The new Terry paradigm allows police officers to operate by their own standard of reasonableness — “reasonable suspicion.” By coining the phrase, the Supreme Court put its imprimatur on circular reasoning. Much as the doctrine of “papal infallibility” deemed the pope incapable of error when teaching on certain matters of faith or morals, “reasonable suspicion” sanctioned a sort of police infallibility. Police officers, especially when making “split-second decisions,” now arbitrarily determine what is reasonable within the meaning of the Fourth Amendment.

Case Western police thought it reasonable to stop a councilman taking his daily walk through campus because he wore the same color hat and coat (and had the same color skin) as a street-corner mumbler. This is Exhibit A of how absurd Terry’s construction of “reasonableness” really is. It reveals “reasonable suspicion” as both a euphemism for paranoia and as an oxymoron worthy of 1984’s Newspeak. Yet out-of-control policing is not new to the US.

The American Revolution was largely a reaction against Redcoats policing colonists as if they were all suspects. For example, the Crown imposed writs of assistance on Massachusetts to crack down on smuggling. Writs of assistance were general warrants permitting customs officials to enter any office or home without notice or probable cause. James Otis resigned his position as advocate general of the Admiralty Court in protest. He then challenged the legality of these writs in terms of the maxim: “Every man’s house is his castle.” Otis inspired the Fourth Amendment’s later codification of the castle doctrine and the need for probable cause.

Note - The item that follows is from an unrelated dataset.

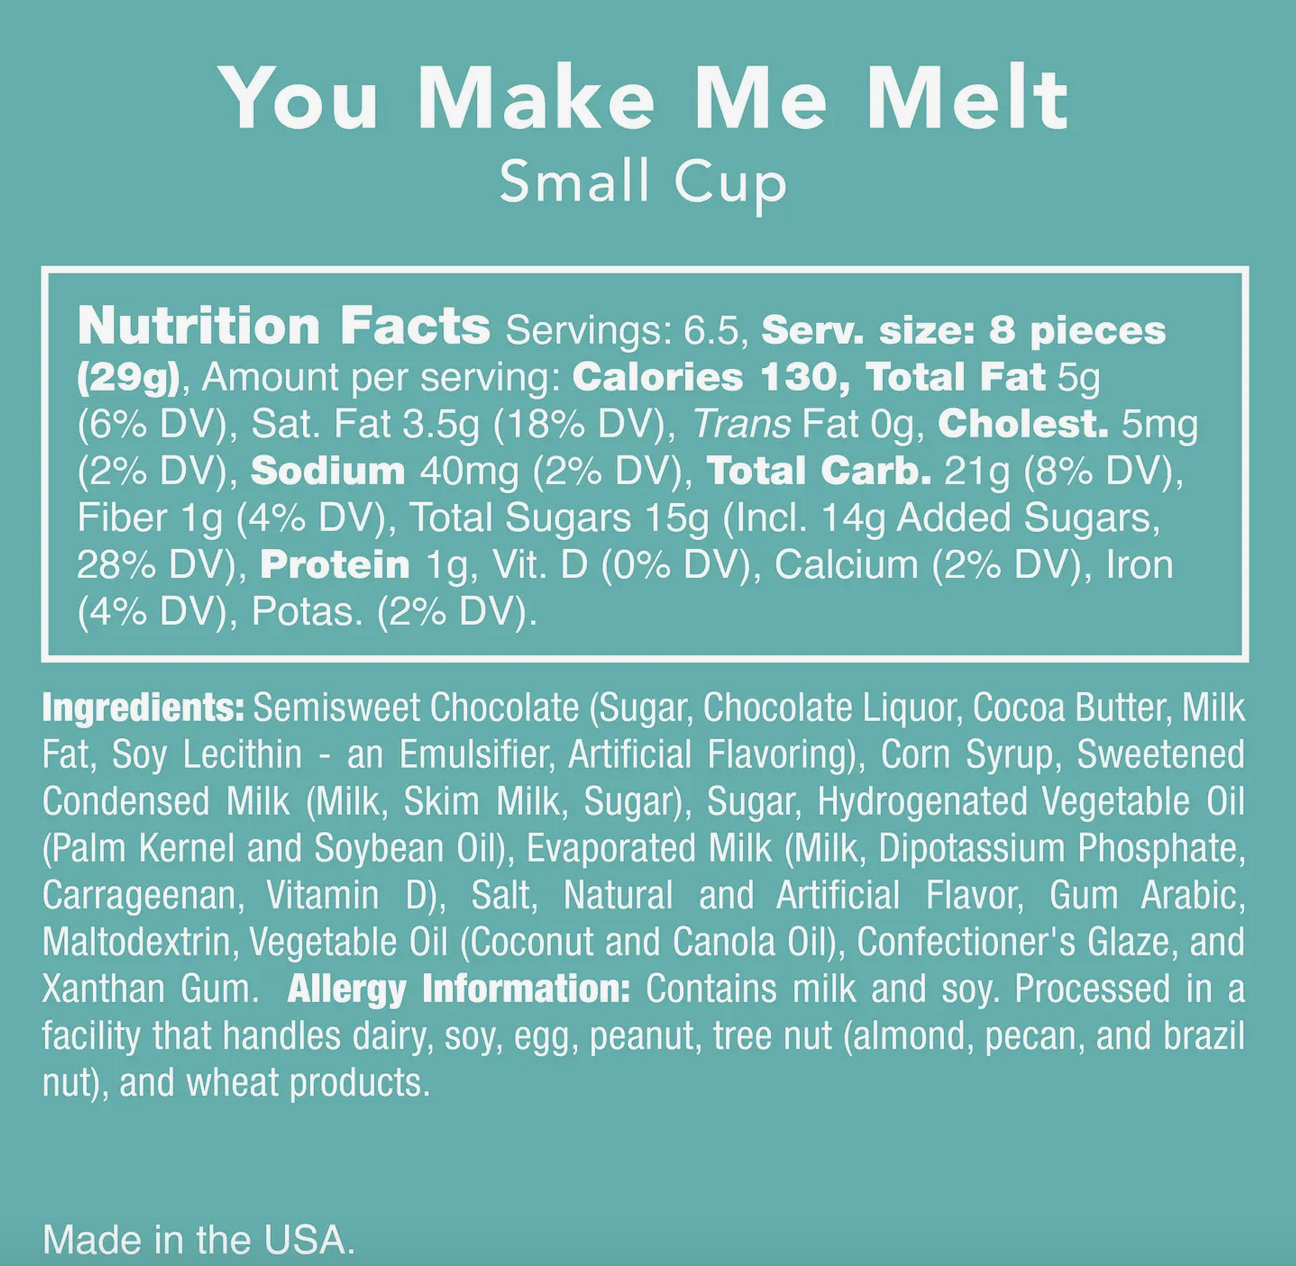 Candy-You Make Me Melt

Douglas invokes Otis in his Terry dissent to suggest an analogy between the Redcoats’ oppression of the colonists and the likelihood of post-Terry police oppression thanks to “reasonable suspicion.” What Otis argued against in 1765, Douglas dissented against in 1968 — police arresting and searching on suspicion because unchecked by probable cause. Douglas saw the unraveling of the Fourth Amendment as a matter of history repeating itself. He wrote: “Police control took the place of judicial control, since no showing of ‘probable cause’ before a magistrate was required.”

Today, “reasonable suspicion” enables police to seize on suspicion. The Orwellian device subverts the Fourth Amendment’s original intent. Probable cause had been a limit on police discretion. Through Terry, magisterial authority gave way to police authoritarianism. Thus, the Supreme Court abdicated judicial control in favor of police control, what President Richard Nixon called “law and order.”

“Reasonable suspicion” gave police officers, in effect, general warrants to seize or search (“stop and frisk”) people of color with impunity. Conwell’s official title did not protect him from the de facto general warrant that led to his stop. Case Western President Barbara Snyder later apologized and promised more and better training of campus police officers. Would she have apologized if he were an ordinary citizen and not a legislator? What about the other racially-profiled African American males that Conwell wondered about?

Douglas wrote: “To give the police greater power than a magistrate is to take a long step down the totalitarian path.” Insofar as Case Western Reserve University makes Terry stops, it has taken that long step. Rather than apologize for a singular Terry stop, President Snyder should insist on no more Terry stops. Better yet, President Snyder should dissolve her police force to get our university back to being a college campus rather than miniature police state.

A private university should be a sanctuary away from the police state. A man should be able to walk through a college campus on a Sunday afternoon as a citizen, as a person, and not under a cloud of suspicion because at any moment he may “fit a description.” The incident at Case Western Reserve University illustrates a larger pattern of police officers subverting citizens’ constitutional rights. It illustrates that “reasonable suspicion” really means white paranoia. Police officers tend to ignore Black Americans’ right to a presumption of innocence. Rather, they tend to only see a Black “criminal” stereotype. We’re at least 50 years down the totalitarian path. If we would take a long step back from that path, we must overturn Terry.